*** Opening Data section ***
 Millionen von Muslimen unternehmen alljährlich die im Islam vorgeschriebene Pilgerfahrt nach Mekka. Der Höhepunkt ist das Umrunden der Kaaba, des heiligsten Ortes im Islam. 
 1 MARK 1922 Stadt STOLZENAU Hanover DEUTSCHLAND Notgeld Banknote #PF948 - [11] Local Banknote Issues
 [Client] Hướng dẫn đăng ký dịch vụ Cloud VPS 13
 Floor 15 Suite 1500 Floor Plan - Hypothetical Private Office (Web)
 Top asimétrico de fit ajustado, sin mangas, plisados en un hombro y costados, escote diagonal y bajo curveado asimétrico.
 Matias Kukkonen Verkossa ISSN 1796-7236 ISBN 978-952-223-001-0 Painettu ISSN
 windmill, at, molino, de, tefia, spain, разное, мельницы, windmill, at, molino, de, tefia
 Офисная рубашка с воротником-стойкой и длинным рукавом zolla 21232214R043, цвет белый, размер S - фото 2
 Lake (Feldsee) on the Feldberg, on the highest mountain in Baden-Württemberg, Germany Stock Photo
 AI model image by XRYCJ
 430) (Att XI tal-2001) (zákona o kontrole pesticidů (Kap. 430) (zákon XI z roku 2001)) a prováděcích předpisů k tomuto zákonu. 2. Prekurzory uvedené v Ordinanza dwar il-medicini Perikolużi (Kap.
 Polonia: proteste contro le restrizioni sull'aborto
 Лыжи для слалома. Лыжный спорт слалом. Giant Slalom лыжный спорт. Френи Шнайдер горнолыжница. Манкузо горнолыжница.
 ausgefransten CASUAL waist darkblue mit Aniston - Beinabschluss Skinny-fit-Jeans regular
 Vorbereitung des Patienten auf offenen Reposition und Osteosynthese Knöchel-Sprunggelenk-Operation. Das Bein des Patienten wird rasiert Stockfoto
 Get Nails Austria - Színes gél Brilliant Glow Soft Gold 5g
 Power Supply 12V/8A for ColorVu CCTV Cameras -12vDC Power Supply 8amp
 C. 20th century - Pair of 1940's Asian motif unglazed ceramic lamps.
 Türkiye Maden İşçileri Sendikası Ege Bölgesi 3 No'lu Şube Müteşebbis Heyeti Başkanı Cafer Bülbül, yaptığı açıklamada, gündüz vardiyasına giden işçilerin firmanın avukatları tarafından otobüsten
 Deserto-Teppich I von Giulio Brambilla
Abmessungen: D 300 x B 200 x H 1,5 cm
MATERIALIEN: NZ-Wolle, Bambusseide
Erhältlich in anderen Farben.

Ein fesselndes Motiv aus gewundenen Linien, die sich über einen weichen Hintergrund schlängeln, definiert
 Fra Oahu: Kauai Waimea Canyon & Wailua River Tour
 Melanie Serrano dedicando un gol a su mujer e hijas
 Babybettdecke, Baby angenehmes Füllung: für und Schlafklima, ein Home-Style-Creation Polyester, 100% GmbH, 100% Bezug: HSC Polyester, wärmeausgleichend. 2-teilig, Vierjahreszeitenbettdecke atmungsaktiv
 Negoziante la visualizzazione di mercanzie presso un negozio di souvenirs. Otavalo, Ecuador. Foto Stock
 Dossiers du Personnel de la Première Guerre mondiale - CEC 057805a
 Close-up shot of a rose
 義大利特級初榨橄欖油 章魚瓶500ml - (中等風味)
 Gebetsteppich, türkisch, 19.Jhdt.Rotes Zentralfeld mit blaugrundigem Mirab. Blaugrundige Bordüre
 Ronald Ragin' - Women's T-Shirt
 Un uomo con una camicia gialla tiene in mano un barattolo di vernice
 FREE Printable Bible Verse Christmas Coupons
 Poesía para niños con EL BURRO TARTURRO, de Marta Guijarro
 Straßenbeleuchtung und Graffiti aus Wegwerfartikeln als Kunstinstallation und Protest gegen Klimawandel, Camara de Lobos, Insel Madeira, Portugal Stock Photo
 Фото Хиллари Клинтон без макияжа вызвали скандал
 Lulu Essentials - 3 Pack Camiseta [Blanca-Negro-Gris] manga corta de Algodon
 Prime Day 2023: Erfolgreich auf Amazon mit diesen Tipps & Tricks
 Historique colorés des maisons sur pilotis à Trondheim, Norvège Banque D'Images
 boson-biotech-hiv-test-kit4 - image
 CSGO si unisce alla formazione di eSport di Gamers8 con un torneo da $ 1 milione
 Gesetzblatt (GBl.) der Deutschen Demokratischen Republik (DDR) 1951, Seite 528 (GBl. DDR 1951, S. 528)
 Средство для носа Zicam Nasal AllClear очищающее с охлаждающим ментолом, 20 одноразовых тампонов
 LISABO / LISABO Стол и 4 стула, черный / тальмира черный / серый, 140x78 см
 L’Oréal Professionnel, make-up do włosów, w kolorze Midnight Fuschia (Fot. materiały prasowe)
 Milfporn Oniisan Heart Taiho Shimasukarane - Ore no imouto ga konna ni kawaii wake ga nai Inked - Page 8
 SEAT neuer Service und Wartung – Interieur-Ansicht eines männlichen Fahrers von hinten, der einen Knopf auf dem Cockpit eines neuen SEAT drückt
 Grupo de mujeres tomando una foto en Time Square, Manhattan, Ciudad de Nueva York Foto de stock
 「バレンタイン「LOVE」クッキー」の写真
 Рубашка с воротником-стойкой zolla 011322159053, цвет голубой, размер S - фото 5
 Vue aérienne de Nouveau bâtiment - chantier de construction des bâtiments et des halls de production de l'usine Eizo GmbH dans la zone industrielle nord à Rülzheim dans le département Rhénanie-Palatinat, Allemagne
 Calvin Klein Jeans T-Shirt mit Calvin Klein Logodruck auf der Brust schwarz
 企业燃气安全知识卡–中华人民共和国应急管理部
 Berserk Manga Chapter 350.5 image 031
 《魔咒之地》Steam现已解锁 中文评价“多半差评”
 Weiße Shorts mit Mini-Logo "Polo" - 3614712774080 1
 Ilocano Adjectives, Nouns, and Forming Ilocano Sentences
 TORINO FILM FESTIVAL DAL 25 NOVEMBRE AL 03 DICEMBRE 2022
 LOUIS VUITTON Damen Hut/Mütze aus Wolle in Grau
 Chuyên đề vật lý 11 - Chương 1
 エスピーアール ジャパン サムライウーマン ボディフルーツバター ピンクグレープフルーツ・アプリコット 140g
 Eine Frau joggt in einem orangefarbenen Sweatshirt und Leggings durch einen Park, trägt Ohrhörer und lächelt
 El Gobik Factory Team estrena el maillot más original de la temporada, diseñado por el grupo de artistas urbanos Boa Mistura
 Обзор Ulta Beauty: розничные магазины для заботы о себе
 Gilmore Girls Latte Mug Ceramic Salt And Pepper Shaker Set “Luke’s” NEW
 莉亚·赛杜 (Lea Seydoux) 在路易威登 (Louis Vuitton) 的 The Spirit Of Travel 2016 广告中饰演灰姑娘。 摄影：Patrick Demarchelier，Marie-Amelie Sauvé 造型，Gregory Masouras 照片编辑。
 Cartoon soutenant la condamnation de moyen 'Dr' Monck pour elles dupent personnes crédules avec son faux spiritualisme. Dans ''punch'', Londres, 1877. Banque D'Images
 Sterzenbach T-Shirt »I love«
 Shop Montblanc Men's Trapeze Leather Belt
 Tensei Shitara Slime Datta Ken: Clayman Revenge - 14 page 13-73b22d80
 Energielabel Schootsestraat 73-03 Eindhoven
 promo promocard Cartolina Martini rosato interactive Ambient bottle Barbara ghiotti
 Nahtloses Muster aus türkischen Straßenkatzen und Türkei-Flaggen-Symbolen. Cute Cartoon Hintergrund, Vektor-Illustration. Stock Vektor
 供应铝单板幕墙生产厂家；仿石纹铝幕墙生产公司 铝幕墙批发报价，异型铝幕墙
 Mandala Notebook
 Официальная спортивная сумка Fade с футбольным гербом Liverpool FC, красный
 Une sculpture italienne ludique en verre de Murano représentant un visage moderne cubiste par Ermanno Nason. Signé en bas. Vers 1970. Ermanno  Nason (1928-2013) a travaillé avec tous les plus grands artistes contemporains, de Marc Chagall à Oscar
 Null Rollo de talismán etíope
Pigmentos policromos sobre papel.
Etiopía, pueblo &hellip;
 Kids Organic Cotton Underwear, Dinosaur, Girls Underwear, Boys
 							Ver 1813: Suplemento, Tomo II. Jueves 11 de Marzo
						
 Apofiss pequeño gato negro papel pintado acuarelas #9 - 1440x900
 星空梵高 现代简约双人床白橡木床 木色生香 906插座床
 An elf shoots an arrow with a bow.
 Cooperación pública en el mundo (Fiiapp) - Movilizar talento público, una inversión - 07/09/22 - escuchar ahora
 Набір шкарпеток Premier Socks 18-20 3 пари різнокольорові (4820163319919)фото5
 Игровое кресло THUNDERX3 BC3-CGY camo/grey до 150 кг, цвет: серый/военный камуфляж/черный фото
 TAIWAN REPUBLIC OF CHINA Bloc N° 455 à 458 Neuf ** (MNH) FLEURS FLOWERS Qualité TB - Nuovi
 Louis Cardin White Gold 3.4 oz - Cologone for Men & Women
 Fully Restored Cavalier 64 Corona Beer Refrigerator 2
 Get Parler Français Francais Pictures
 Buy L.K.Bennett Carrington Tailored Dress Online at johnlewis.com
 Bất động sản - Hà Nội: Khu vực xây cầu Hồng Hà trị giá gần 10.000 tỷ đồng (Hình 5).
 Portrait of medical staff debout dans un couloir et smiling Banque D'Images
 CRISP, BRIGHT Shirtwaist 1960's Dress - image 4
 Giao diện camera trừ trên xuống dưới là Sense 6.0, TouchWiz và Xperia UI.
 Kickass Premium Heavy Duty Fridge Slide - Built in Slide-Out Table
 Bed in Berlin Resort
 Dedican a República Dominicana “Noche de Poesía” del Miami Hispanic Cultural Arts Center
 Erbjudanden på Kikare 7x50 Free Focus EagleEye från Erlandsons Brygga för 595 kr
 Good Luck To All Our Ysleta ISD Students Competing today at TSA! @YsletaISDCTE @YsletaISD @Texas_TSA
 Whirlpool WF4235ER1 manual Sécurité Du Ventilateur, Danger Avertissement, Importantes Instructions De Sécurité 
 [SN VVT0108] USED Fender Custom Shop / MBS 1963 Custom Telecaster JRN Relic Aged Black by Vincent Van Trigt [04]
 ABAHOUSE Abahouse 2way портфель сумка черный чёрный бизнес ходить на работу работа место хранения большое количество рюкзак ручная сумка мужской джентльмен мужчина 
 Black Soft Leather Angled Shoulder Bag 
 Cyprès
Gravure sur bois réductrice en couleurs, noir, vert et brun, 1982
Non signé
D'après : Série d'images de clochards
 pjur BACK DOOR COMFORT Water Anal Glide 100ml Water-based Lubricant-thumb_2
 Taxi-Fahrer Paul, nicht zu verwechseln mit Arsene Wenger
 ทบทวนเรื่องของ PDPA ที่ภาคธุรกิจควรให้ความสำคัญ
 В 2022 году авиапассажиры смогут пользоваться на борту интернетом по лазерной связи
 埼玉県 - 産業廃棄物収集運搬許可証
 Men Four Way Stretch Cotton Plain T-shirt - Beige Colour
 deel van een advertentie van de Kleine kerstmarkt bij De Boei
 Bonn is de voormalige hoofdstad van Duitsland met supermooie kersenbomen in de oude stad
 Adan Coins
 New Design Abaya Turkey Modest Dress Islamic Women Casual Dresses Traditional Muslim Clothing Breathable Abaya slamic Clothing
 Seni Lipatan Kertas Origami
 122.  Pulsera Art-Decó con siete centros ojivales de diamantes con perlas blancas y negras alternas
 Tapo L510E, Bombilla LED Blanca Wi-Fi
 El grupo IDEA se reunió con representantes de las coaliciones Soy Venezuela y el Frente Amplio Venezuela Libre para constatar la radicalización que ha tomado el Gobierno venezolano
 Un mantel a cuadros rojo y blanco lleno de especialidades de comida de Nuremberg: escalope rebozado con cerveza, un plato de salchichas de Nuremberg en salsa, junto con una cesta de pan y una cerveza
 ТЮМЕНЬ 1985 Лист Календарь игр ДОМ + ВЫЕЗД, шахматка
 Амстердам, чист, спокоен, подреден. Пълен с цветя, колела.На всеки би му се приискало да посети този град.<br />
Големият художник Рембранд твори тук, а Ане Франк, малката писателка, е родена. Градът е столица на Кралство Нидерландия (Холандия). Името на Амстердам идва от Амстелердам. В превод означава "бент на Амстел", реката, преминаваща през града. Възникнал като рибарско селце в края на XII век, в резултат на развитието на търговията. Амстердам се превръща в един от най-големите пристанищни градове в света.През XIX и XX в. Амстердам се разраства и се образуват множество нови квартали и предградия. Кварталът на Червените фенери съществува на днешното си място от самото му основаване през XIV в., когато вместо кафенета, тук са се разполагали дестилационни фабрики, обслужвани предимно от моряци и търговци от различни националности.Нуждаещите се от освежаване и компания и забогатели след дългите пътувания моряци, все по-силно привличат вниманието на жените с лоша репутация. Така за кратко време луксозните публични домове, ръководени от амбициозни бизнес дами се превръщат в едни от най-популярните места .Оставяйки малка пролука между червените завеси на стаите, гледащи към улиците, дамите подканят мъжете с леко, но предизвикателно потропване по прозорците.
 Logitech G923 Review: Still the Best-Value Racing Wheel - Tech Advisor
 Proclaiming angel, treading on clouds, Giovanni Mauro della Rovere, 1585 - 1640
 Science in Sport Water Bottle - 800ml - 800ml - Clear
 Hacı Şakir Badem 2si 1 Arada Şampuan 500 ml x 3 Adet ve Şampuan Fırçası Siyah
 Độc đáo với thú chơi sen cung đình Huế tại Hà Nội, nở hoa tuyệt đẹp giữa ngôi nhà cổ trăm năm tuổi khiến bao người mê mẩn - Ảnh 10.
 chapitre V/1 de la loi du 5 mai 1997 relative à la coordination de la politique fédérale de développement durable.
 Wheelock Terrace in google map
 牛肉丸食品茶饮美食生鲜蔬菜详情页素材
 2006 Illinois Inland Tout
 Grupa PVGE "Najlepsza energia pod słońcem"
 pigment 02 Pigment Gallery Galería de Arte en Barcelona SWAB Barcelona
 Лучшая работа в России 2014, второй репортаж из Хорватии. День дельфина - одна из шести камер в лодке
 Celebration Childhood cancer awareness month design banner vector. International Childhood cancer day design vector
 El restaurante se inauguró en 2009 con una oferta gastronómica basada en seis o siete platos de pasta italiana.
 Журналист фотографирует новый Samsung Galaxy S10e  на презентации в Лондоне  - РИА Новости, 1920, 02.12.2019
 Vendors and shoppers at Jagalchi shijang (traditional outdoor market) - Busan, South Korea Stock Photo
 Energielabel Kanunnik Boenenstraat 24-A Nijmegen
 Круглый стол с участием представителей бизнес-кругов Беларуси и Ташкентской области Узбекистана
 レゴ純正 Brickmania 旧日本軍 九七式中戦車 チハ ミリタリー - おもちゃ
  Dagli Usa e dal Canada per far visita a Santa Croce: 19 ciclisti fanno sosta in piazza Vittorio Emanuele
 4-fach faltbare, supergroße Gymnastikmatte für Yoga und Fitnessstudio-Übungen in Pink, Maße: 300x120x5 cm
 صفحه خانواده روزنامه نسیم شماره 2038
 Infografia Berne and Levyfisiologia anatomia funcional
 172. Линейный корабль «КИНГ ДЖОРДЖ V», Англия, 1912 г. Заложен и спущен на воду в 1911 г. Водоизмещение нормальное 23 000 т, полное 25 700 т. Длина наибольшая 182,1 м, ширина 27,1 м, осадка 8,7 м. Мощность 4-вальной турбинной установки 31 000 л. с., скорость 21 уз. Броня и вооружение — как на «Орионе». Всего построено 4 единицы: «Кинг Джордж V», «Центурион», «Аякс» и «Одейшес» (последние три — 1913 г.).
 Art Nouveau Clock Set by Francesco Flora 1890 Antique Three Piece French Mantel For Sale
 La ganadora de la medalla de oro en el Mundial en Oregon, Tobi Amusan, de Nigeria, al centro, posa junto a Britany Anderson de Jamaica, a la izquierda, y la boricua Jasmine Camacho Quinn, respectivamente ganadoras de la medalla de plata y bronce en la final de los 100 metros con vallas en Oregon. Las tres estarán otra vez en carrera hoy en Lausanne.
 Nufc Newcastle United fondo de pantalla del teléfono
*** Closing Data section ***
- **Aim of the exercise**:
Each line from the top of the material above through the line with "1 MARK 1922" must be echoed exactly, and no other line.

- **Output for this task**:
 Millionen von Muslimen unternehmen alljährlich die im Islam vorgeschriebene Pilgerfahrt nach Mekka. Der Höhepunkt ist das Umrunden der Kaaba, des heiligsten Ortes im Islam. 
 1 MARK 1922 Stadt STOLZENAU Hanover DEUTSCHLAND Notgeld Banknote #PF948 - [11] Local Banknote Issues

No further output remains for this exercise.